First participant 14 also wears an instrumented glove assembly 50(A) which includes an electromagnetic sensor 54 for receiving signals from an electromagnetic source 58. Instrumented glove assembly 50(A), electromagnetic sensor 54(A) and electromagnetic source 58 are used to sense the position and orientation of instrumented glove 50 relative to a reference point defined by the location of electromagnetic source 58. In this embodiment, instrumented glove assembly 50(A), electromagnetic sensor 54(A) and electromagnetic source 58 are constructed in accordance with the teachings of copending patent application Ser. No. 317,107 entitled "Computer Data Entry and Manipulation Apparatus and Method." More particularly, instrumented glove assembly 50(A), electromagnetic sensor 54(A) and electromagnetic source 58 may comprise a DataGlove™ available from VPL Research, Inc. Instrumented glove assembly 50(A), electromagnetic sensor 54(A), and electromagnetic source 58 are coupled to a body sensing control unit 62 through a glove bus 66, a sensor bus 70, and a source bus 74, respectively.

Although only an instrumented glove assembly is shown in FIG. 1, it should be understood that the position and orientation of any and all parts of the body of the user may be sensed. Thus, instrumented glove 50 may be replaced by a full body sensing suit such as the DataSuit™, also available from VPL Research, Inc., or any other body sensing device.

In the same manner, second participant 18 wears a head-mounted display 22(b) and an electromagnetic sensor 30(b) which are coupled to head-mounted hardware control unit 34 through a display bus 38(b) and a sensor bus 46(b), respectively. Second participant 18 also wears an instrumented glove assembly 50(b) and an electromagnetic sensor 54(b) which are coupled to body sensing control unit 62 through a glove bus 66(b) and a sensor bus 70(b).

In this embodiment, there is only one head-mounted hardware control unit 34, body sensing control unit 62, electromagnetic source 26, and electromagnetic source 58 for both participants. However, each participant may be located separately from each other, in which case each participant would have his or her own head-mounted hardware control unit 34, body sensing control unit 62, electromagnetic source 26, and/or electromagnetic sensor 58.

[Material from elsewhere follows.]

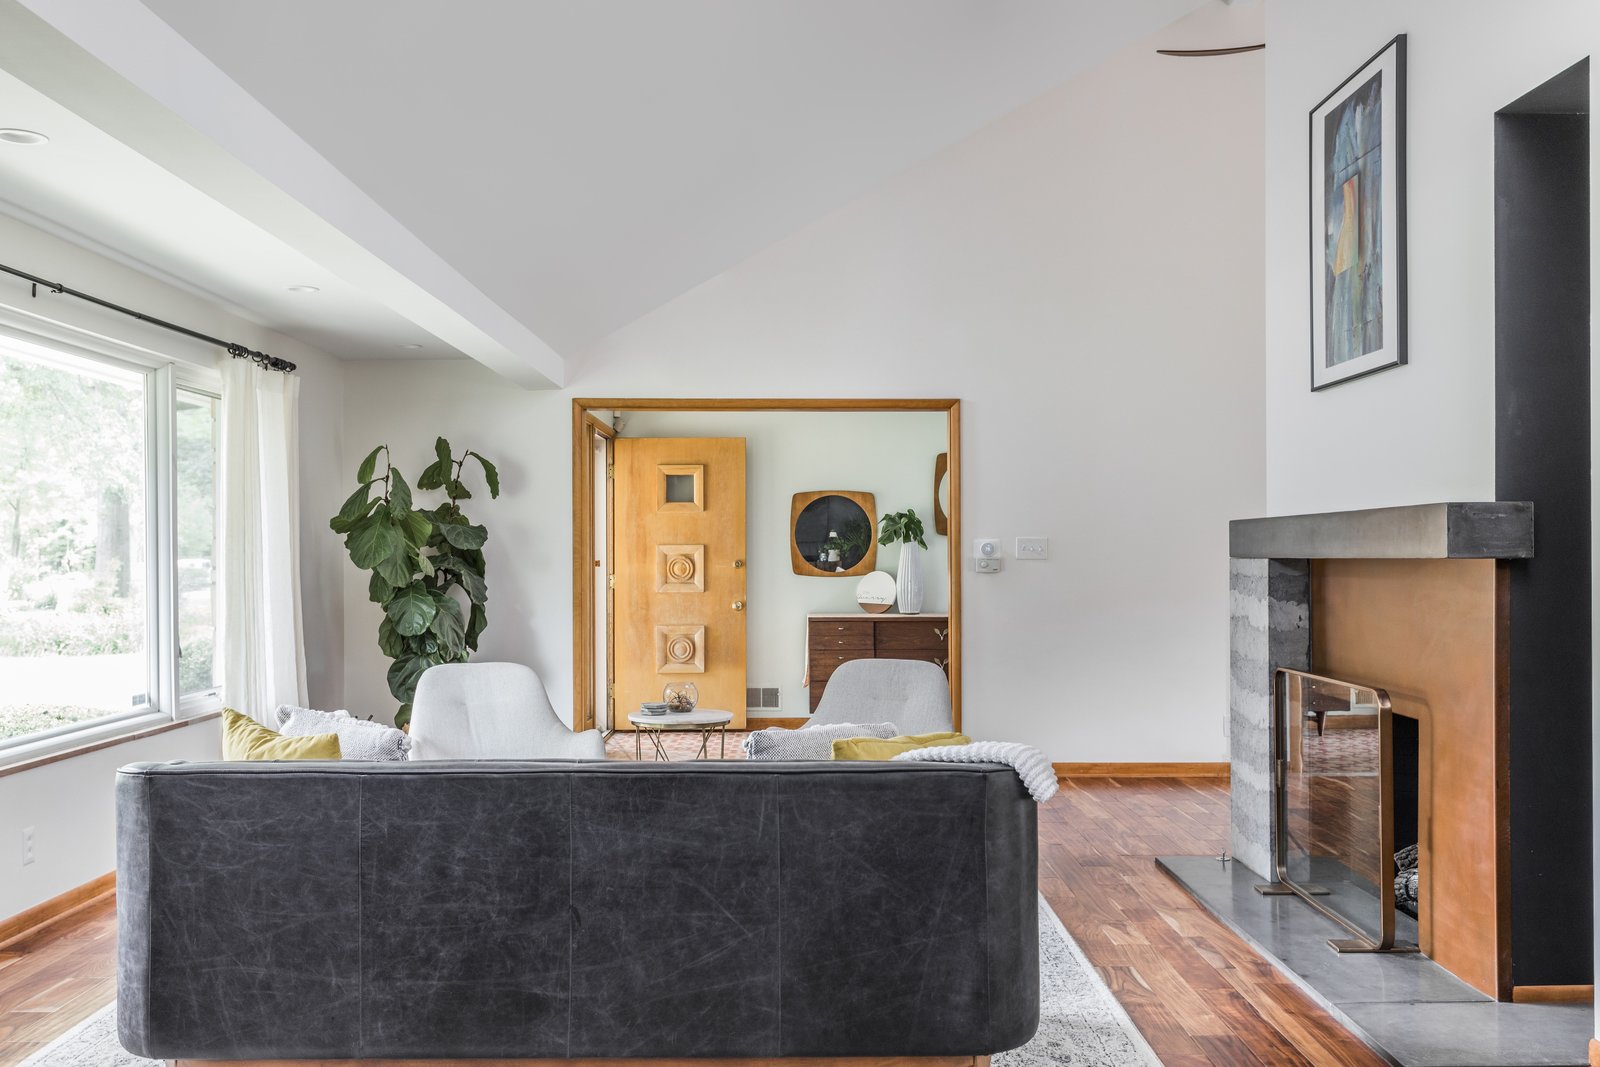 the-new-eight-foot-tall-chimney-though-the-cutout-was-never-a-part-of-their-original-plan-they-now-love-this-unique-feature-as-it-brings-ample-light-into-the-dining-room.jpg

The position and orientation information received by head-mounted control unit 34 are communicated to a virtual environment data processor 74 over a head-mounted data bus 76. Similarly, the position and orientation information received by body sensing control unit 62 are communicated to virtual environment data processor 74 over a body sensing data bus 80. Virtual environment data processor 74 creates the virtual environment and superimposes or integrates the data from head-mounted hardware control unit 34 and body sensing control unit 62 onto that environment.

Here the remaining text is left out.